На другой день, в четверг пятого июня, около полудня прибыли в город, называемый Хой. Он располагался на равнине в окружении многочисленных садов и возделанных полей. От города начиналась обширная равнина, и их пересекали множество каналов. Город имел кирпичную ограду с башнями и бойницами. Здесь, у этого города Хой, кончается Верхняя Армения[305] и начинается Персия; в городе живет много армян.

Когда посланники приехали в этот город, застали там посла, отправленного вавилонским султаном к Тамурбеку[306]. С ним находилось около двадцати всадников и около пятнадцати верблюдов, нагруженных подарками, которые султан направлял Тамурбеку, кроме того, [он] вел с собой шесть страусов и одно животное, называемое жираф. Это животное выглядит так: у него большое туловище, как у лошади, и очень длинная шея, а передние ноги длиннее задних и копыта раздвоены, как у быка. От копыта передней ноги до верха лопаток было около шестнадцати пядей, а от брюха до головы — также шестнадцать. Когда [животное] хотело поднять шею, то поднимало ее так высоко, что просто удивительно, а шея была тонкой, как у оленя, а задние ноги очень короткими по сравнению с передними, так что человек, никогда не видевший его, может подумать, что [животное] сидит, когда /30а/ [на самом деле] оно стоит; зад у него раздвоенный, как у буйвола, брюхо белое, а туловище золотистого цвета в больших белых пятнах; морда как у оленя, а внизу ее — ноздри, а на лбу большая острая шишка, глаза очень большие и круглые; уши как у лошади и возле них — двое маленьких круглых рожек, почти совсем покрытых шерстью, похожих на оленьи, когда они только появляются. А шея [у жирафа] была очень длинной и вытягивалась на нужную длину, так что [животное] могло достать себе пищу со стены высотой в пять или шесть тапий[307], с вершины высокого дерева оно срывало для еды листья, которых поедало много. Поэтому для человека, который никогда не видел [это животное], оно представляло удивительное зрелище.

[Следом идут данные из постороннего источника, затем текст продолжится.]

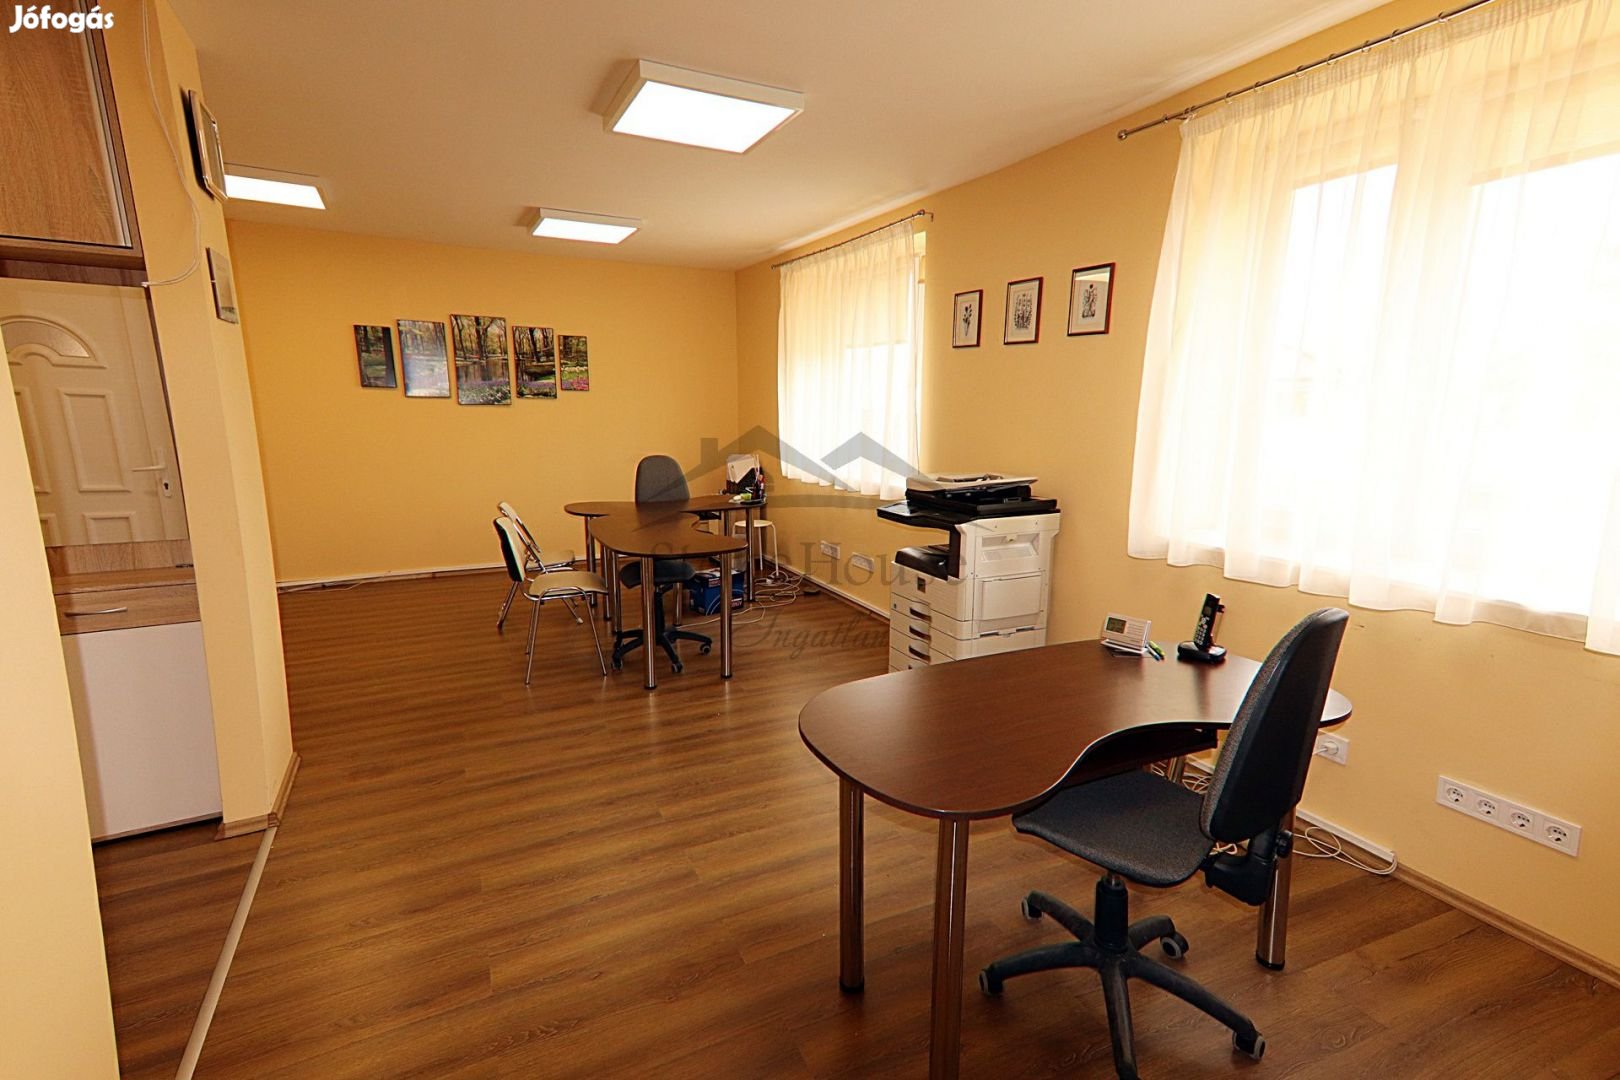 Két lakásos ikerház földszinti lakása Győr-Szabadhegyen kedvező áron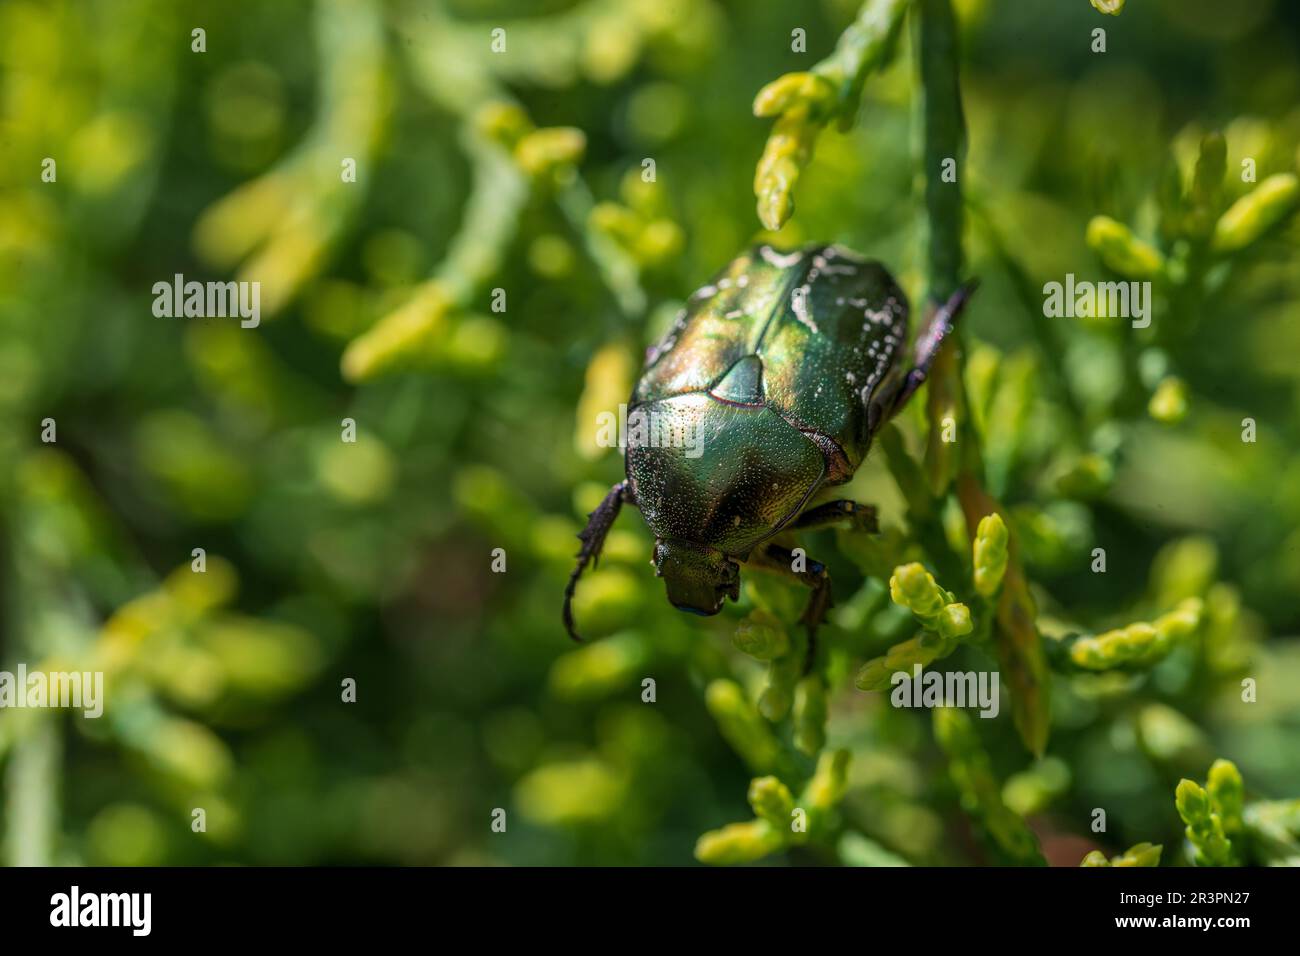 Makroaufnahme eines wunderschönen, metallischen, glänzenden Grün- und Kupferkäfers (Protaetia cuprea) auf grünem Blatt, umgeben von Vegetation im Frühling. Protaetia cupr Stockfoto

Посланники остались в этом городе [Хой] тот четверг, когда приехали, пятницу и субботу, а в следующее воскресенье, восьмого июня, после полудня выехали оттуда. А так как в тот день не смогли достать лошадей, то отправили за ними в проходящее мимо войско. Устроились на ночлег в лугах, а с того времени, когда посланники высадились на берег в земле Трапизонды [и дошли] до этого города [Хой], везде на горах лежал снег, а [начиная] отсюда и далее не встречали его, и земля эта была более жаркой.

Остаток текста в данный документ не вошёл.